(Notes from a talk given yesterday at the MIT Media Lab Members meeting.)
Albert-László Barabási, a Hungarian scientist, is one of the leading theorists on the properties of networks. As it happens, networks appear in many different branches of science, from sociology to computer science to genetics. It’s hard to pin down what type of scientist Barabási is, as a result: he’s a network scientist.
In that sense, he’s following in the steps of other great Hungarian mathematicians, including Paul Erdős and Alfréd Rényi, who conducted early work on understanding networks. In studying complex networks – friendships on Facebook, links between web pages – Erdős and Rényi began by building graphs and assuming that nodes were connected randomly. In a network like this, the number of connections each node has is predictable: they’ll order themselves in a poisson distribution with a prominent peak around the average degree. The peak has a steep falloff, which means it’s very hard to find nodes with lots of connections, or to find totally disconnected nodes.

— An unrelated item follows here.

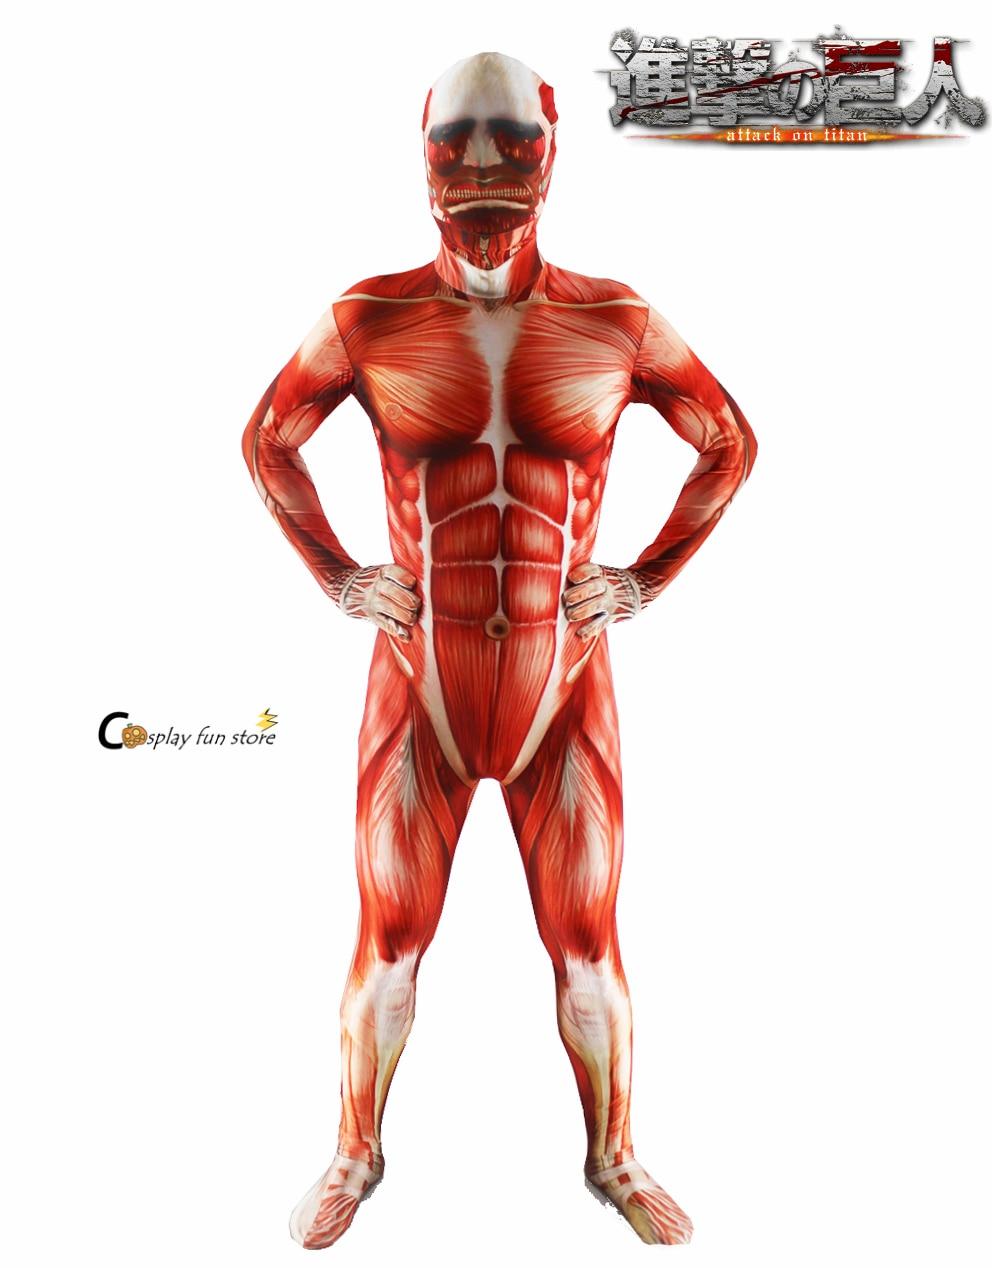 Ataque a titan cosplay Shingeki não cosplay Kyojin Colossal Prop Justas Muscle Man trajes de halloween para homens adultos zentai
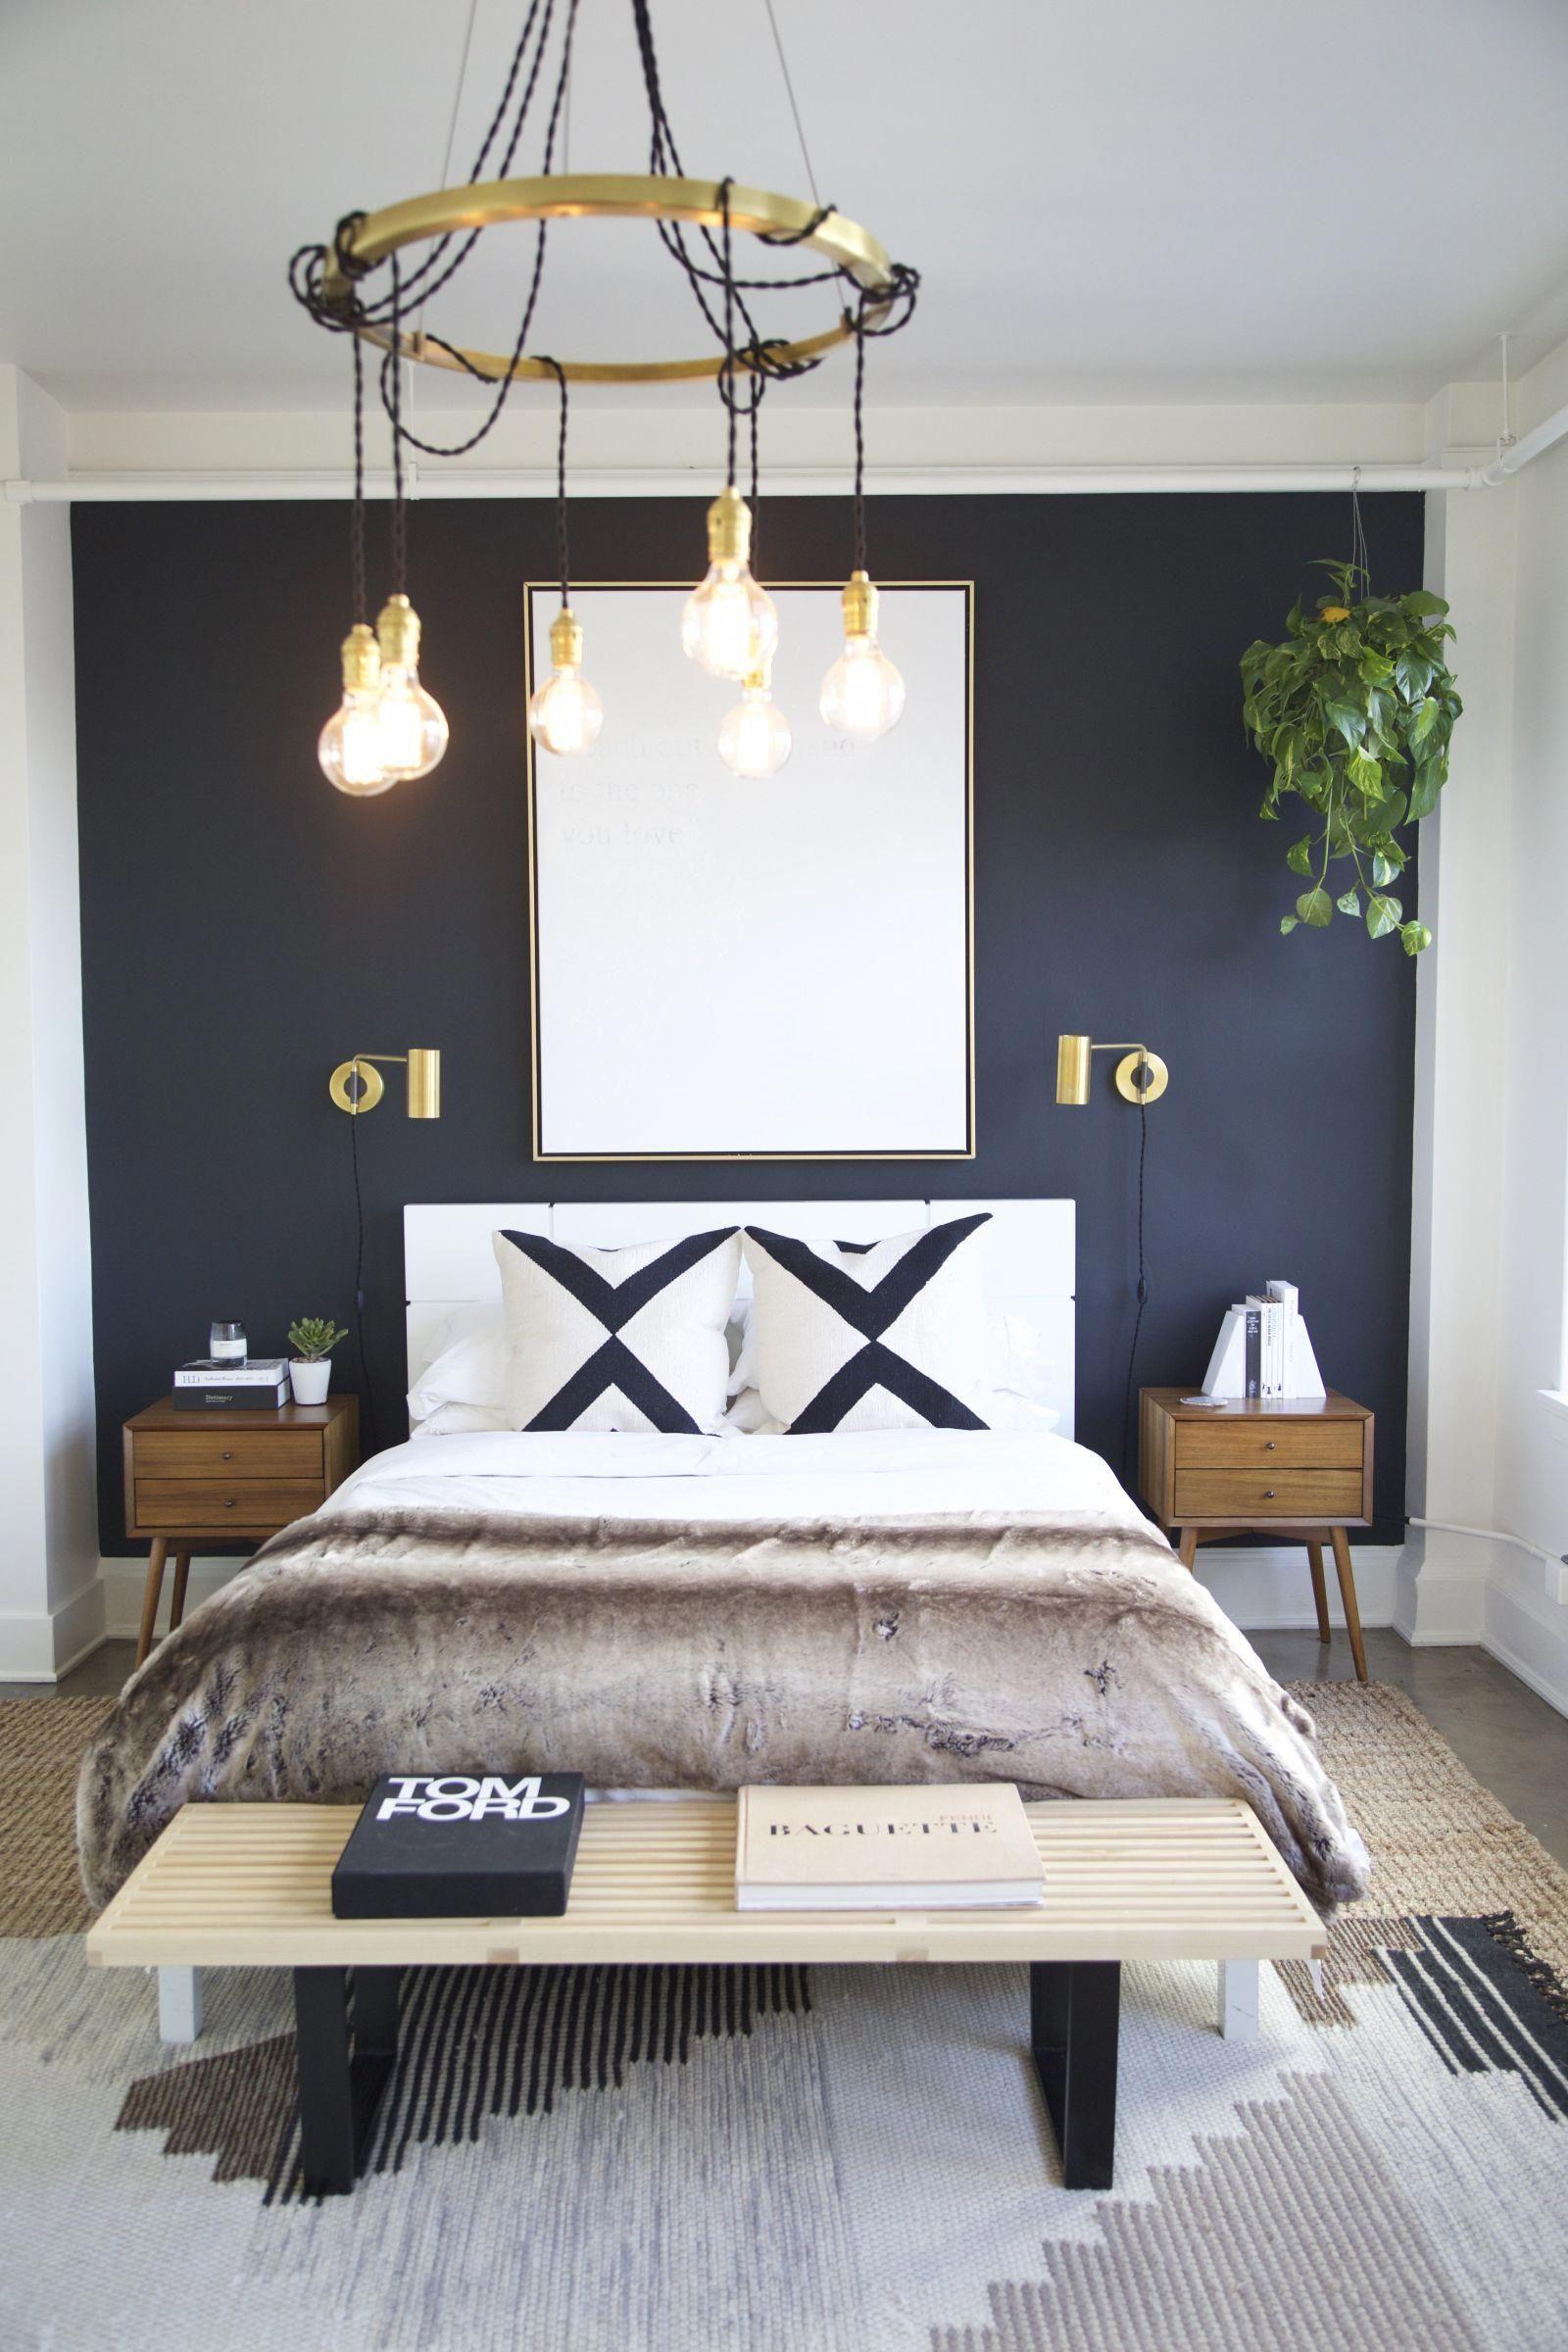 Go Inside 5 Of The Dreamiest Lofts In America Dark Blue Bedroom Walls Blue Bedroom Walls Blue Accent Walls

Of course, that’s not how networks in the real world work. In a society where we were organized randomly, we’d each have similarly sized circles of friends. But in real networks, some people are largely disconnected and some are very popular. Barabási studied distribution of links on the early Web, using robots to index web pages. He discovered that the distribution of links between webpages doesn’t form a poisson distribution – instead, it’s a Pareto distribution, a power law – most pages have very few links, while a small number have a massive amound of links. Barabási terms this a “scale free” network, a network in which a small number of highly connected hubs holds the network together.
He invites us to consider the game, “Six Degrees of Kevin Bacon”. It’s not hard to find connections between actors who’ve appeared in the same films together and build chains that connect virtually everyone in Hollywood. (Marilyn Monroe is two degrees away from Kevin Bacon.) The game closely parallels a game mathematicians play, calculating Erdős numbers. If you’ve published a paper with Erdős, your number is 1, published with an Erdős collaborator and your number is 2, and so on. What both Erdős numbers and the Kevin Bacon game demonstrate is tha Hollywood and mathematics are both interconnected networks.
What’s bizarre is that similarly structured networks show up far from human interactions. Barabási shows us a network of protein interactions in metabolic networks and tells us that this networks shows a very similar scale free structure, despite the fact that there’s no human intervention in building these networks, and the network is 4 million years old.
One of the breakthroughs in modeling networks is moving away from the assumption that network size is fixed. Instead, networks continually expand – people make new friendships, webpages are created and link to older pages. We can model these networks by adding nodes and then randomly connecting them to a small existing network. Again, that’s not how networks actually work. It’s more likely that the new ties will connect to popular nodes. This idea – preferential attachment – means that networks have a powerful first-mover advantage. It’s likely that the popular nodes will get more popular, and those that are marginal will stay that way.
But this can’t be the only principle at work, otherwise we’d still be searching using AltaVista, and Google would never have arisen. We need to model networks by considering other properties like “fitness”, how desirable it is to link to a given node. Nodes with a higher fitness can overcome the first-mover effect and can always maintain a fraction of available links.
Scale networks have interesting properties when it comes to robustness. You can remove random nodes from networks, and the network will likely stay connected. That’s because the majority of nodes in the network are not highly connected. If you remove links strategically, you can disconnect a scale network easily – you simply target the hubs. Remove links at random in a scale free network and you can remove 99% of the links and stay connected – remove strategically, and you can disconnect a network by eliminating a few hubs.
Barabasi looks at some practical applications of this understanding of human networks. He considers the structure of relationships within a Hungarian corporation that was having management problems. It turns out that the best connected person in the company, the person likely to spread news and gossip through network, is a low-level manager responsible for environmental compliance. Discovering the power of an individual like this can be uncomfortable – do you fire this guy because he’s bringing everyone down? Try to cheer him up? Create someone else who is as deeply connected across the organization?
He brings us back to the Kevin Bacon example: why Kevin Bacon? Is he the best connected node in Hollywood? No, not by a long shot. Mel Blanc, the voice behind Bugs Bunny, has the most films to his credit. The rest of the top 10 in terms of film appearances are largely porn stars. Kevin Bacon doesn’t appear on a list of the most film appearances until number 870 or so. It’s a coincidence, just a clever way of understanding the highly connected network space that is Holywood.